▶ _Directions_
Line by line, transcribe the data below exactly and pass over the images.
##### Exercise data #####
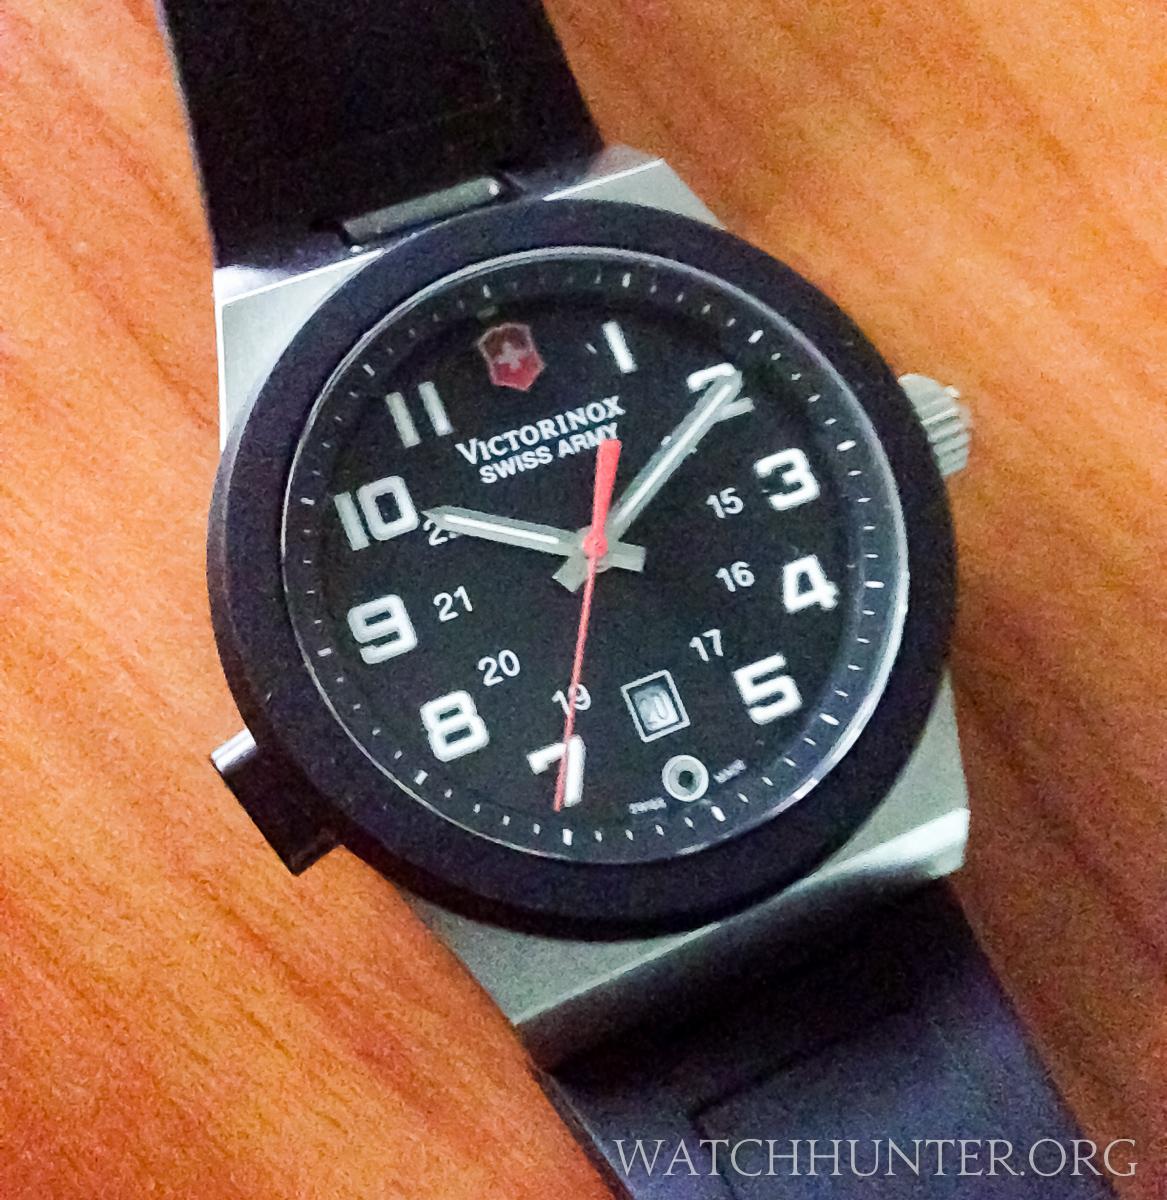 1f66a4360170 MEET THE WATCH: Victorinox Swiss Army Night Vision Flashlight Watch ...
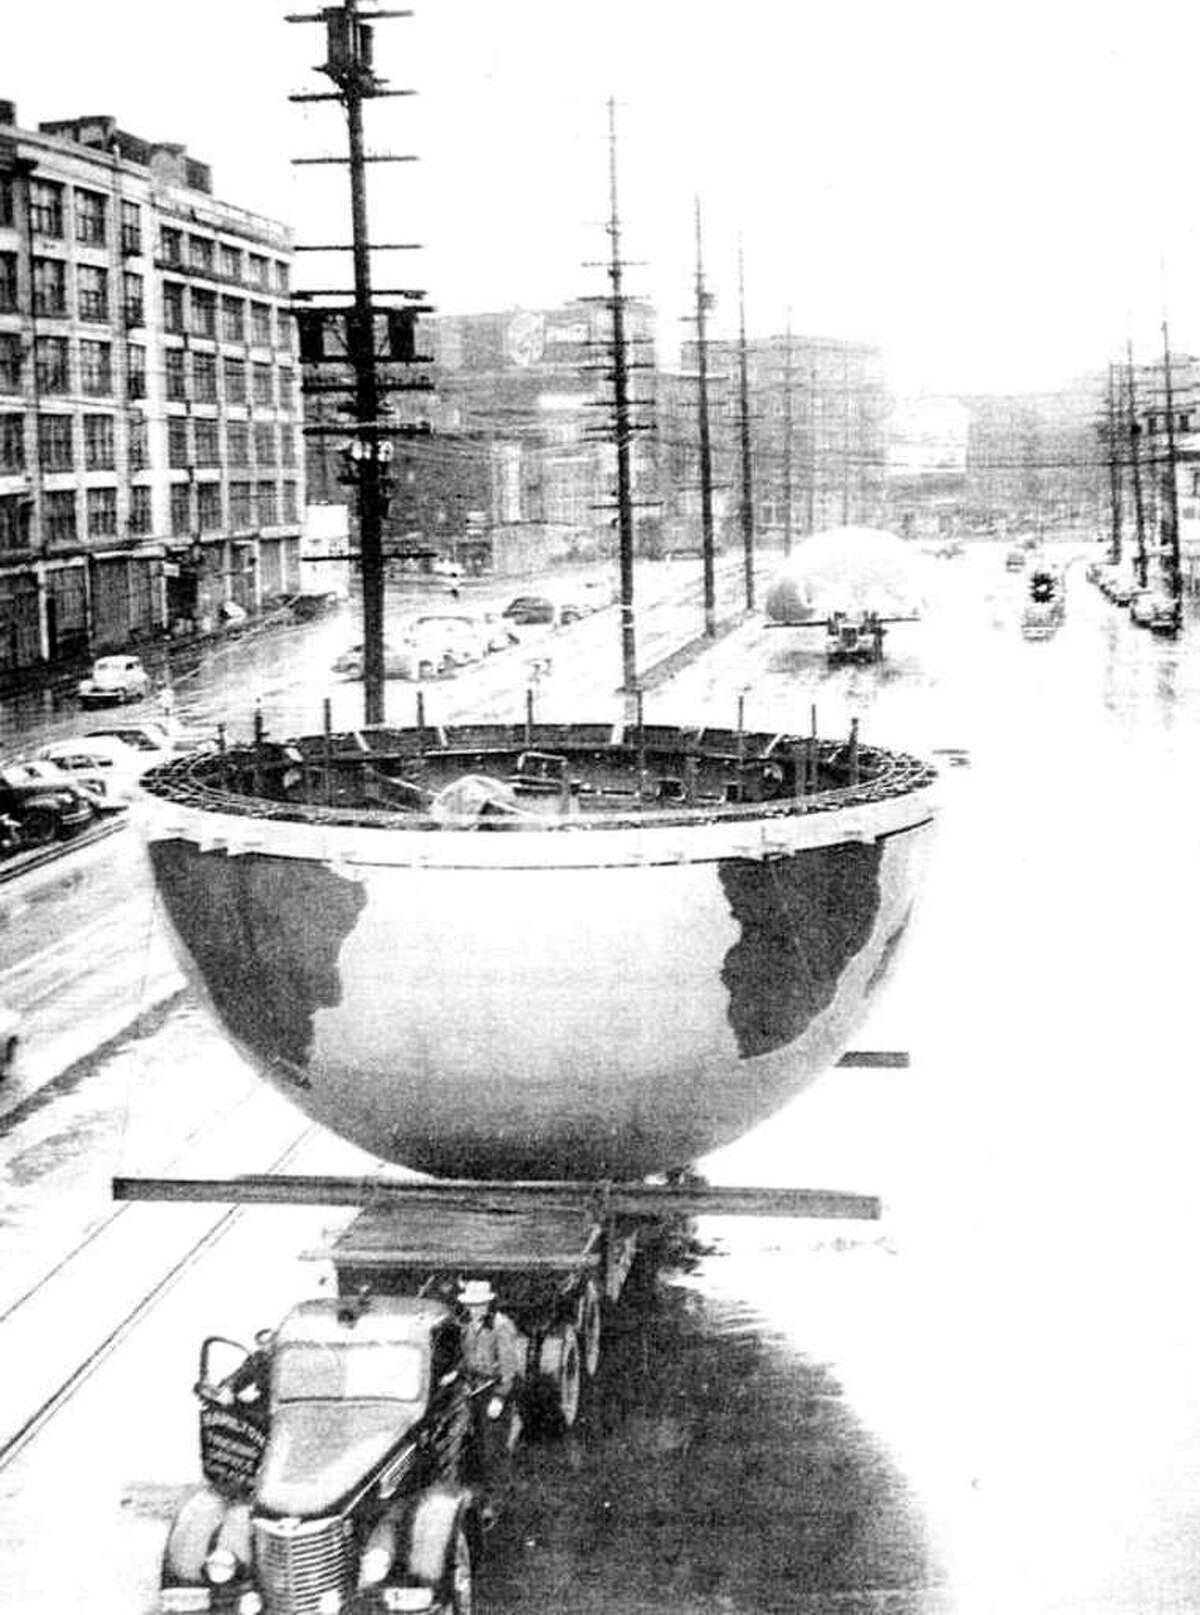 The globe on Alaskan Way, Nov. 1948.
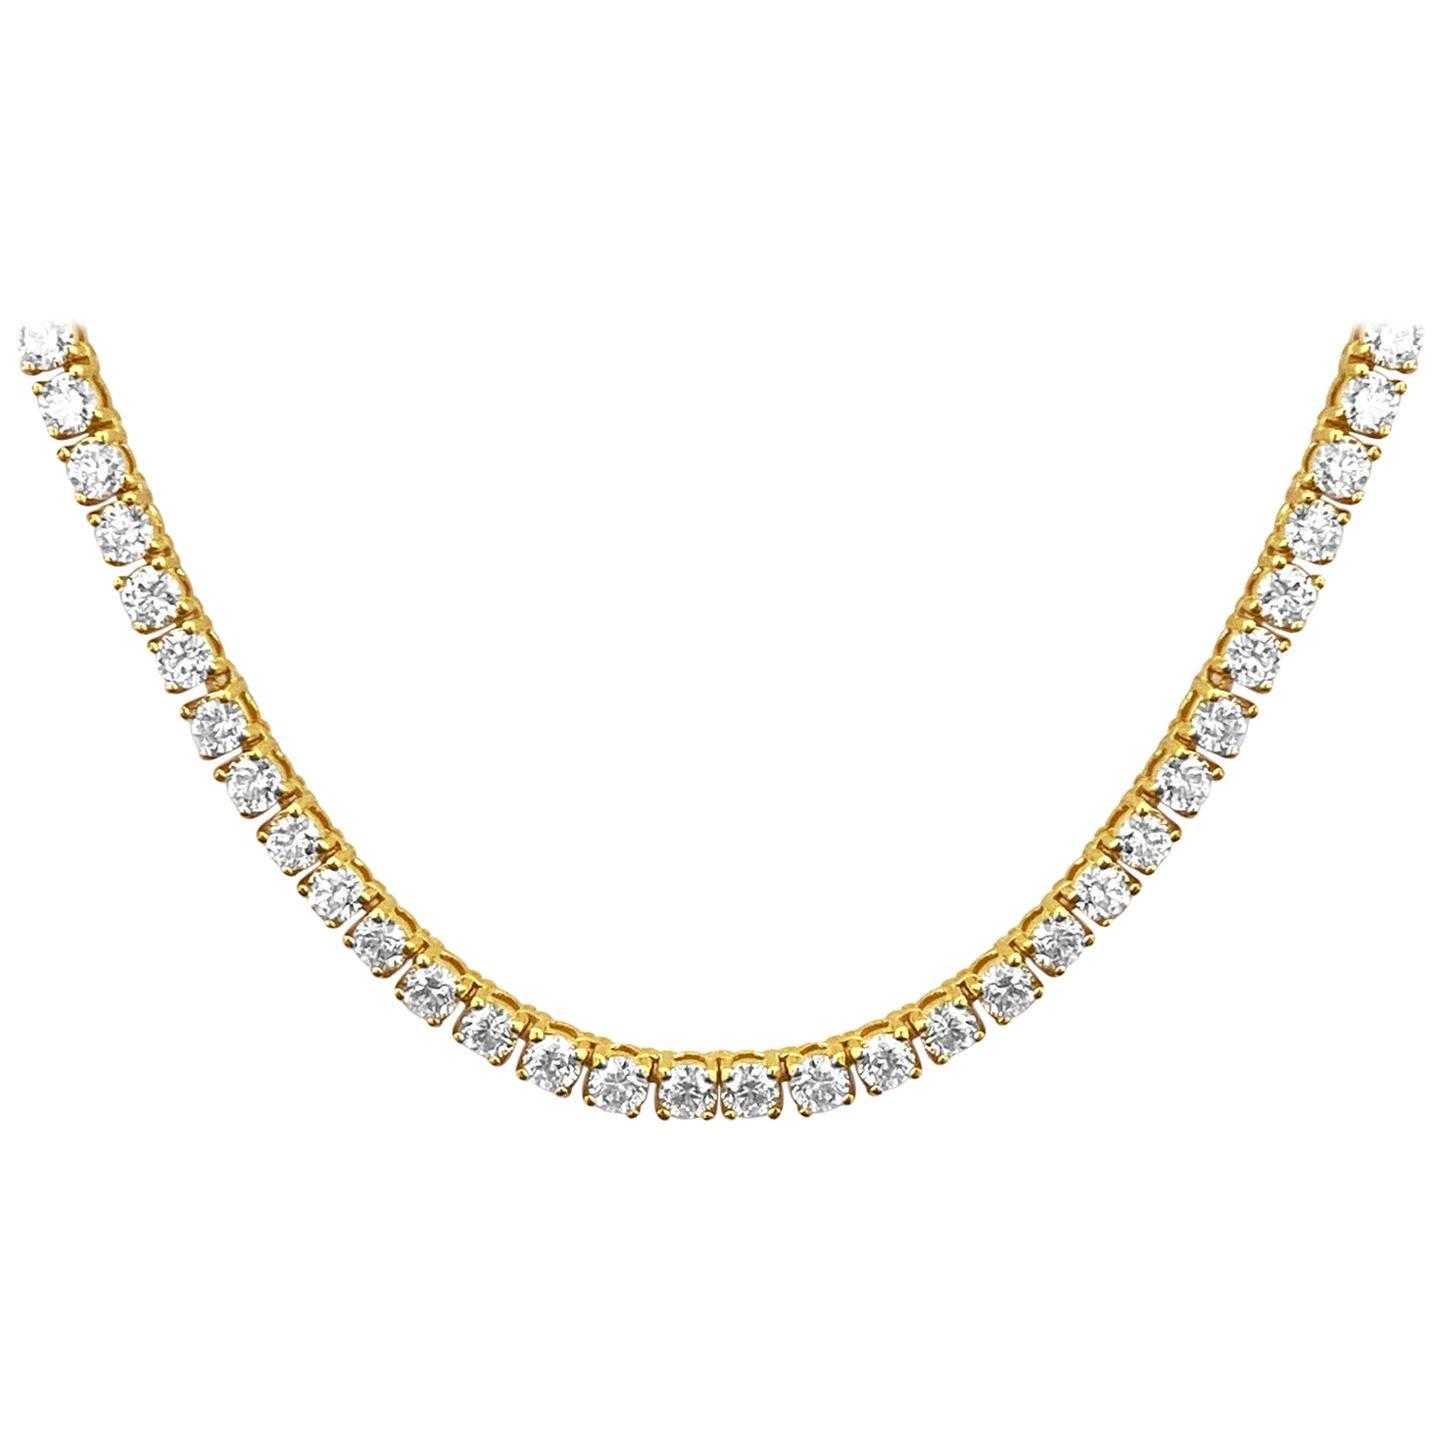 18 Carat VVS Diamond Tennis Necklace 14 Karat Yellow Gold Unisex Necklace
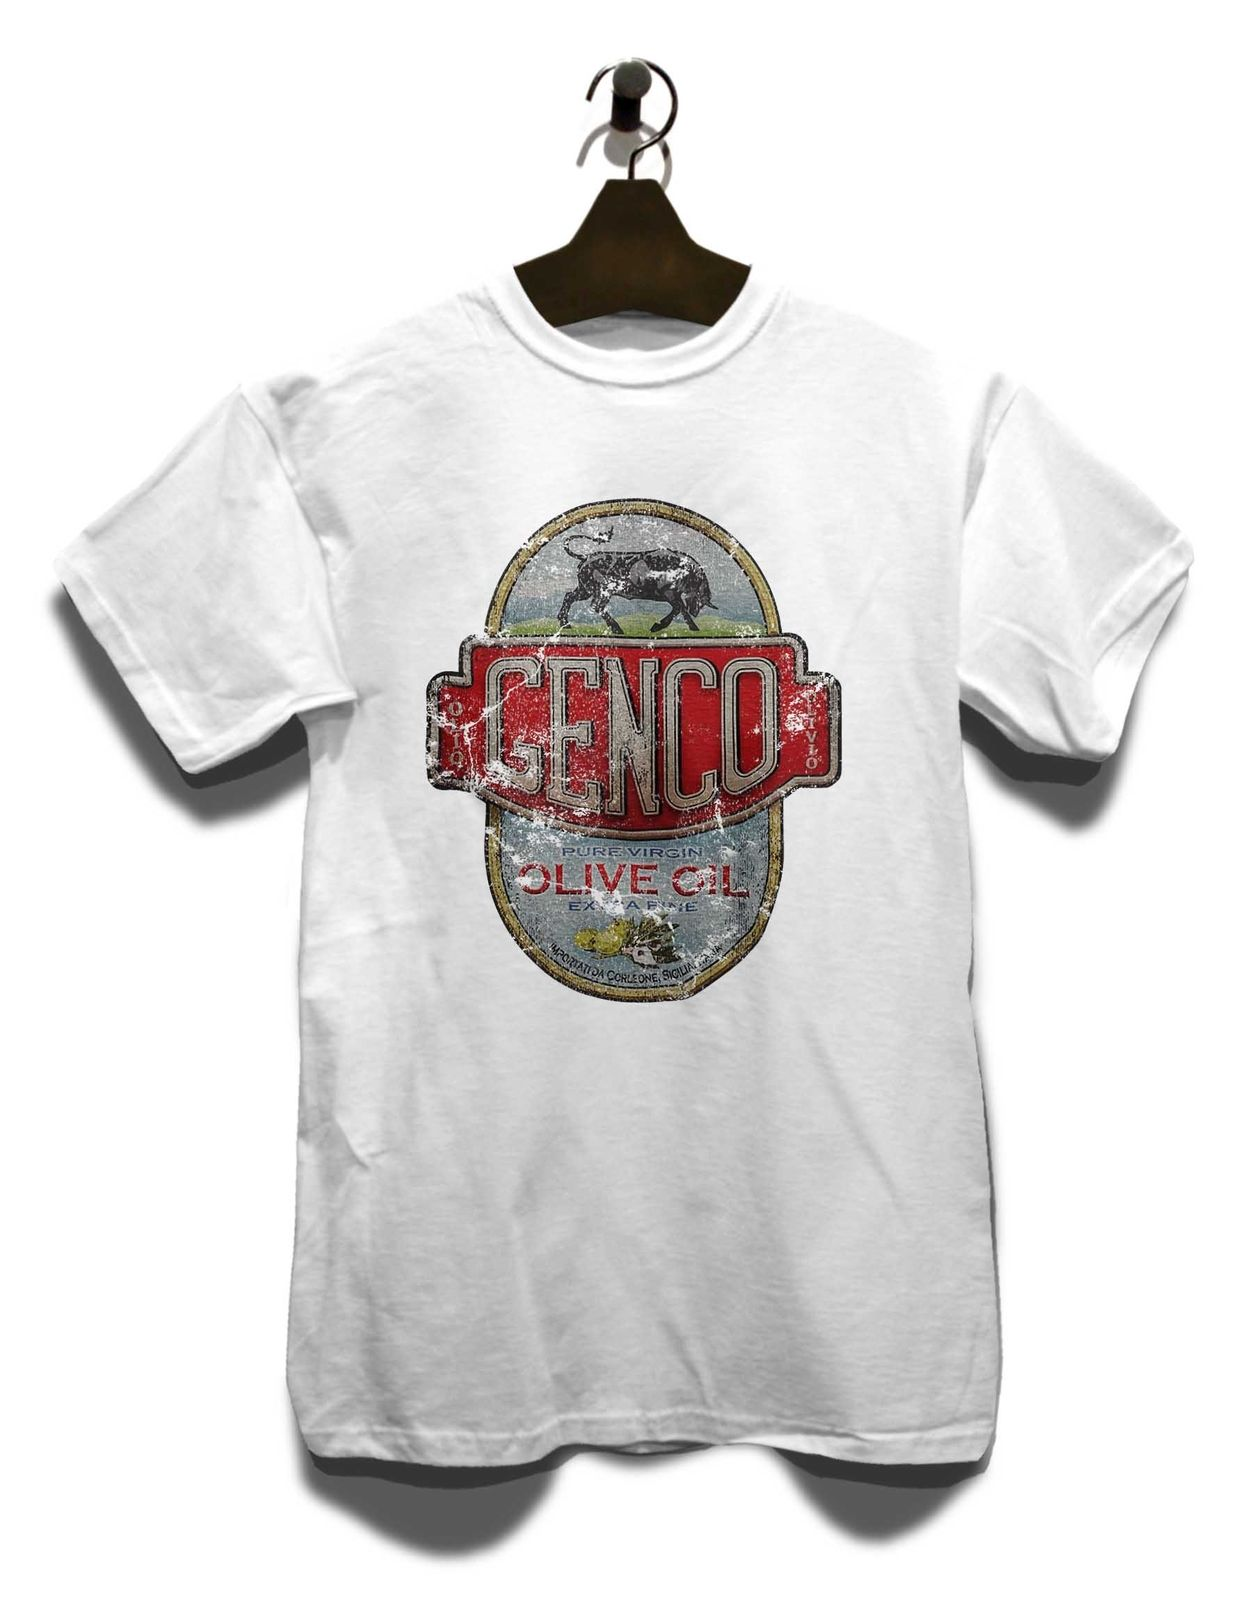 Genco Oil Company T-Shirt Mafia Pate Gangster Oldschool Vintage Retro
#####
▶ _Your solution_
 1f66a4360170 MEET THE WATCH: Victorinox Swiss Army Night Vision Flashlight Watch ...
 The globe on Alaskan Way, Nov. 1948.
 18 Carat VVS Diamond Tennis Necklace 14 Karat Yellow Gold Unisex Necklace
 Genco Oil Company T-Shirt Mafia Pate Gangster Oldschool Vintage Retro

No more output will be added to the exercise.